第421話 フレッド、騎士の誓い

 ハンググライダーを披露したあと、アイザック達はエリアスのもとに呼び出された。

 彼は満面の笑みを浮かべていたが、操縦者は緊張で足を震わせて、今にも卒倒してしまいそうな様子を見せていた。


「いやー、素晴らしいものを見せてもらった。しかも、空を飛ぶというだけではない。未来の事まで考えて作っていたとはな。驚かされたぞ」


 エリアスは、アイザックと操縦者の肩をポンポンと叩く。

 アイザックは笑顔で応対していたが、操縦者は肩を叩かれたタイミングで腰が抜けて尻もちをついてしまった。

 彼の顔色が真っ青になる。


「も、もうしわけ……」

「陛下に対面した緊張と、労をねぎらっていただいた喜びで力が抜けてしまったようですね」

「言われずともわかっている。この程度で機嫌を損ねたりせんよ」


 アイザックが口を挟むが、エリアスは「そんな事をしなくていい」と笑って返す。

 その笑みが操縦者には、慈愛に満ちた笑みに見えたので「さすがは賢王様だ」と器の大きさに感動した。
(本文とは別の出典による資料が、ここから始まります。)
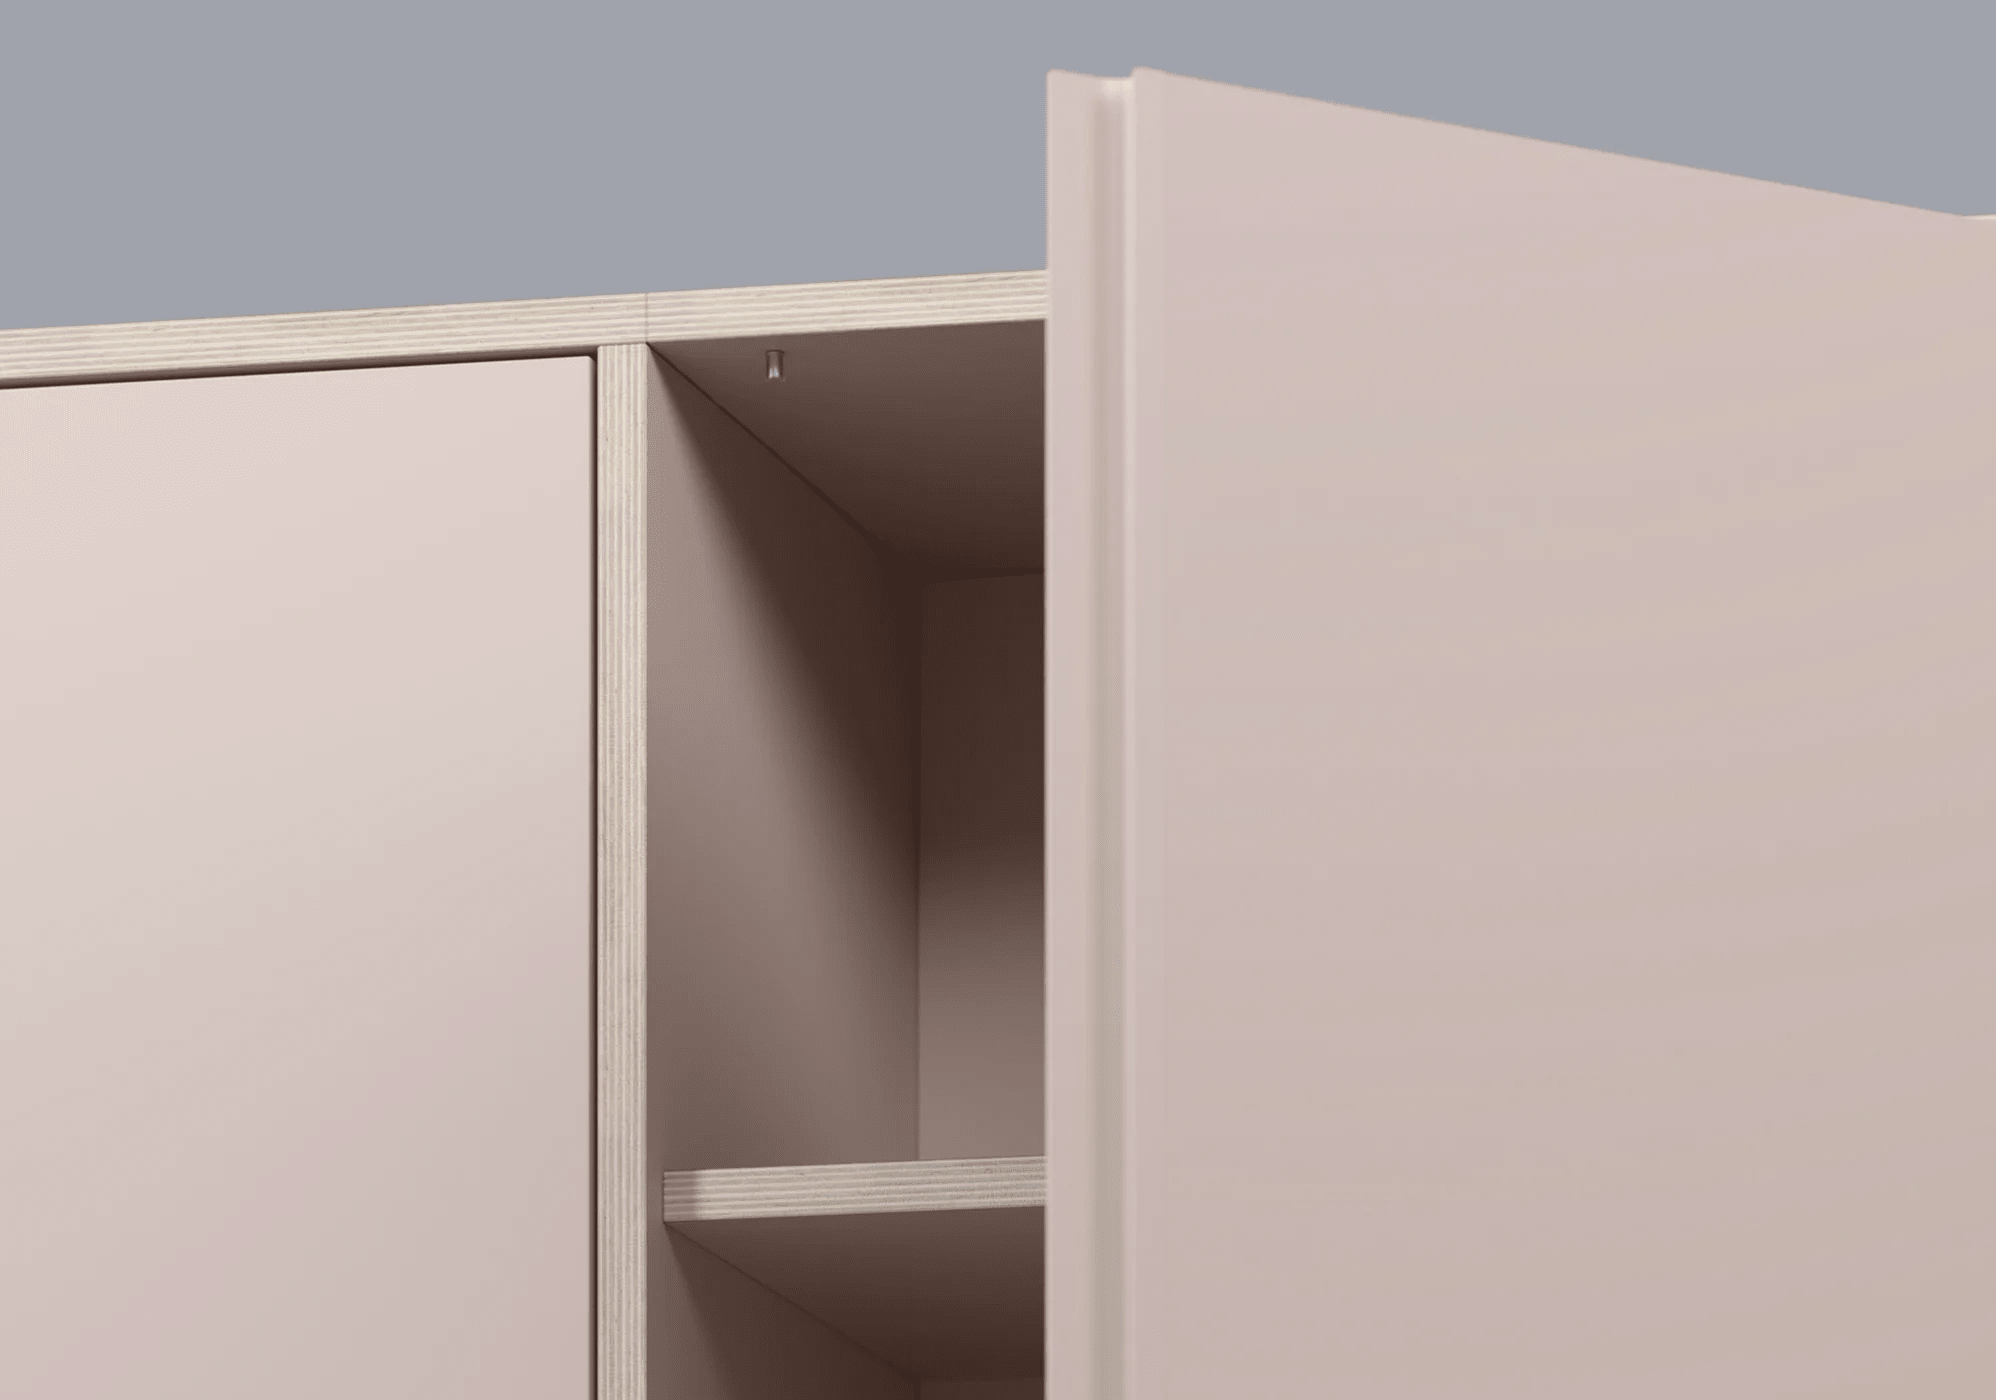 Hoches Puderrosa Multiplexplatte Sideboard mit Türen, Schubladen und Ruckwanden multiplexplatten - 116x143x32cm 5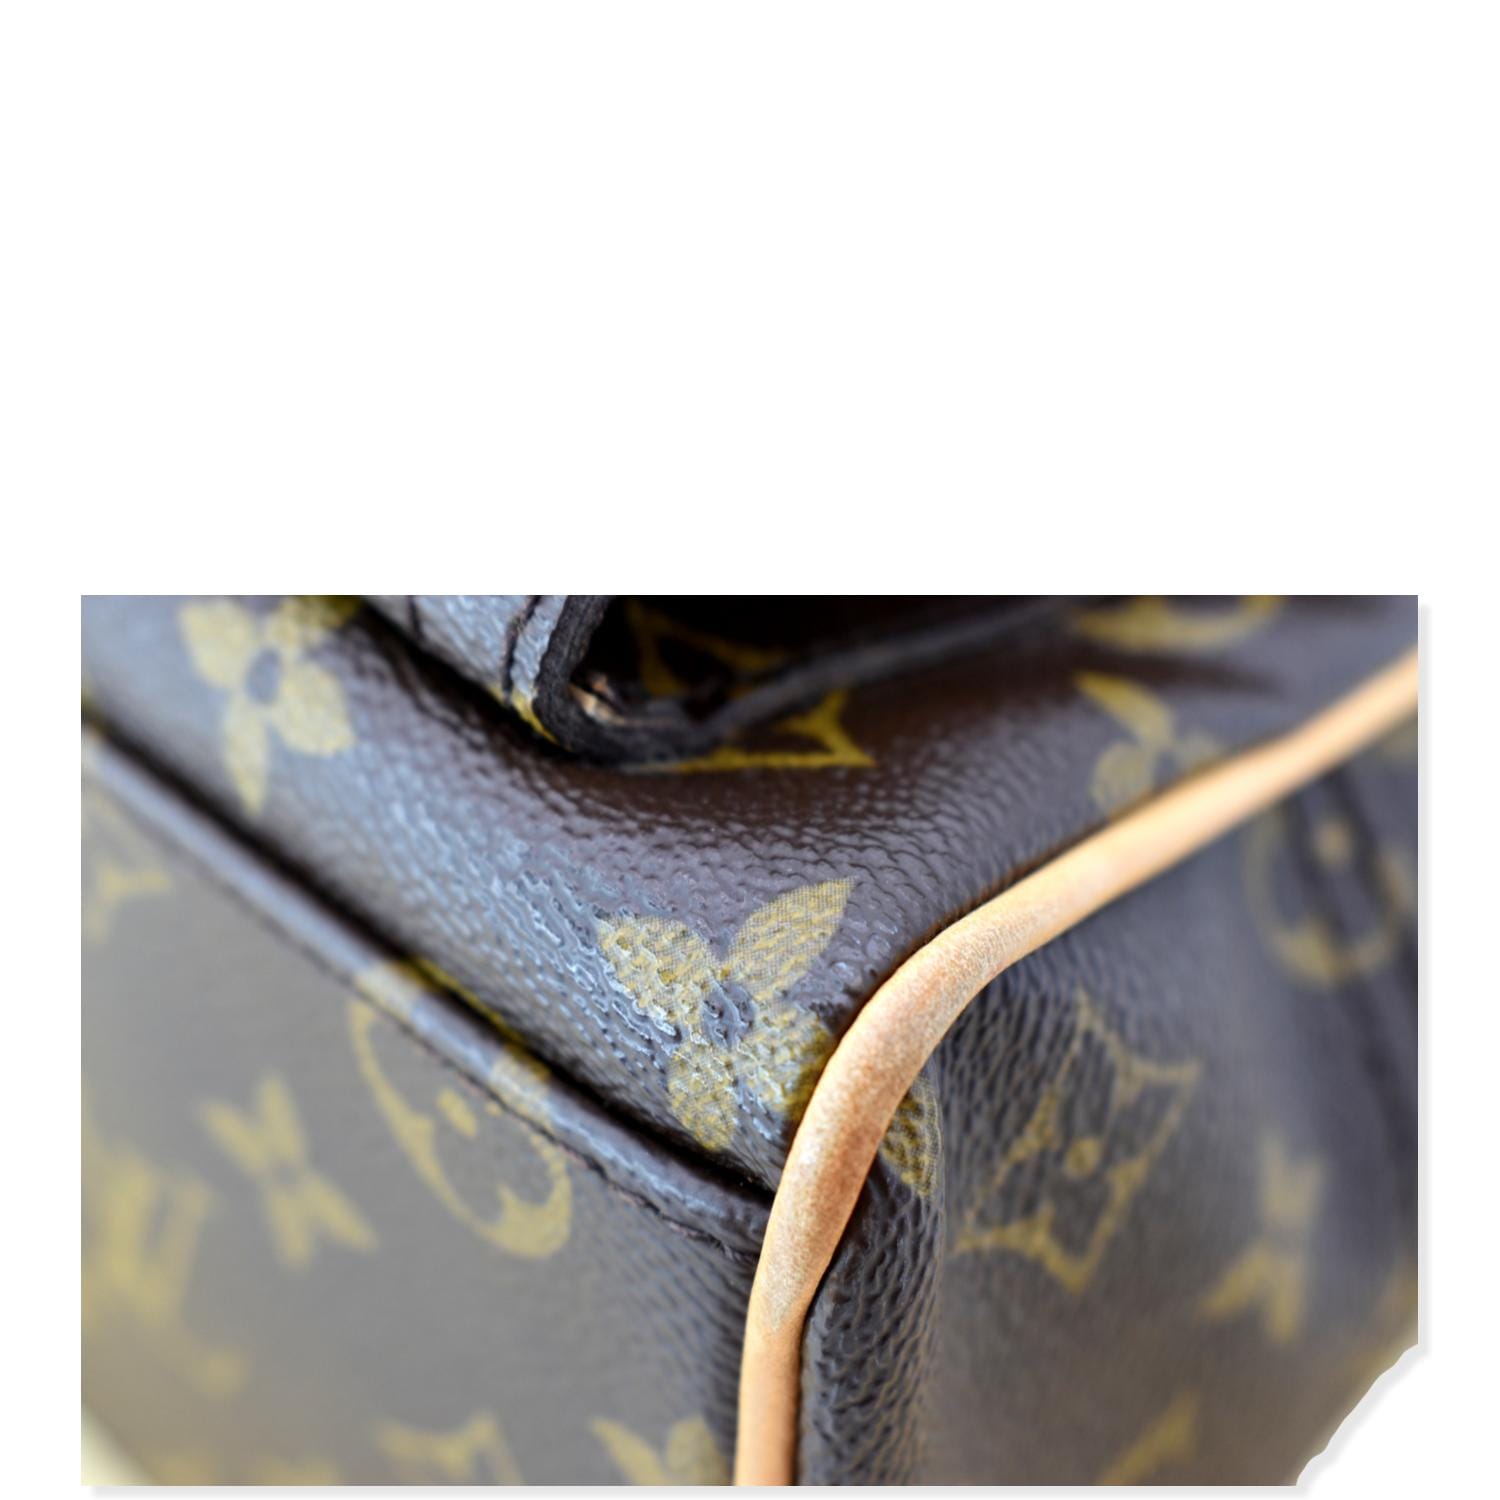 Louis Vuitton Manhattan PM Hand Bag - Farfetch

「もちろん、あなた方の協力があってだという事も理解している。感謝する」


 エリアスは協力してくれていたエルフやドワーフにも声をかける。

 興奮しながらも、彼らへのお礼も忘れなかった。

 アイザックは「一息つかせるための間だ」と察して、操縦者に手を貸して体勢を立て直してやる。

 片膝を突いてひざまずく形になったので、その体勢のままにしておく。


 エルフ達と握手を交わし終わると、エリアスは操縦者をチラリと見る。

 座っているのを確認すると、彼に声をかける――かと思われたが、アイザックに声をかけてきた。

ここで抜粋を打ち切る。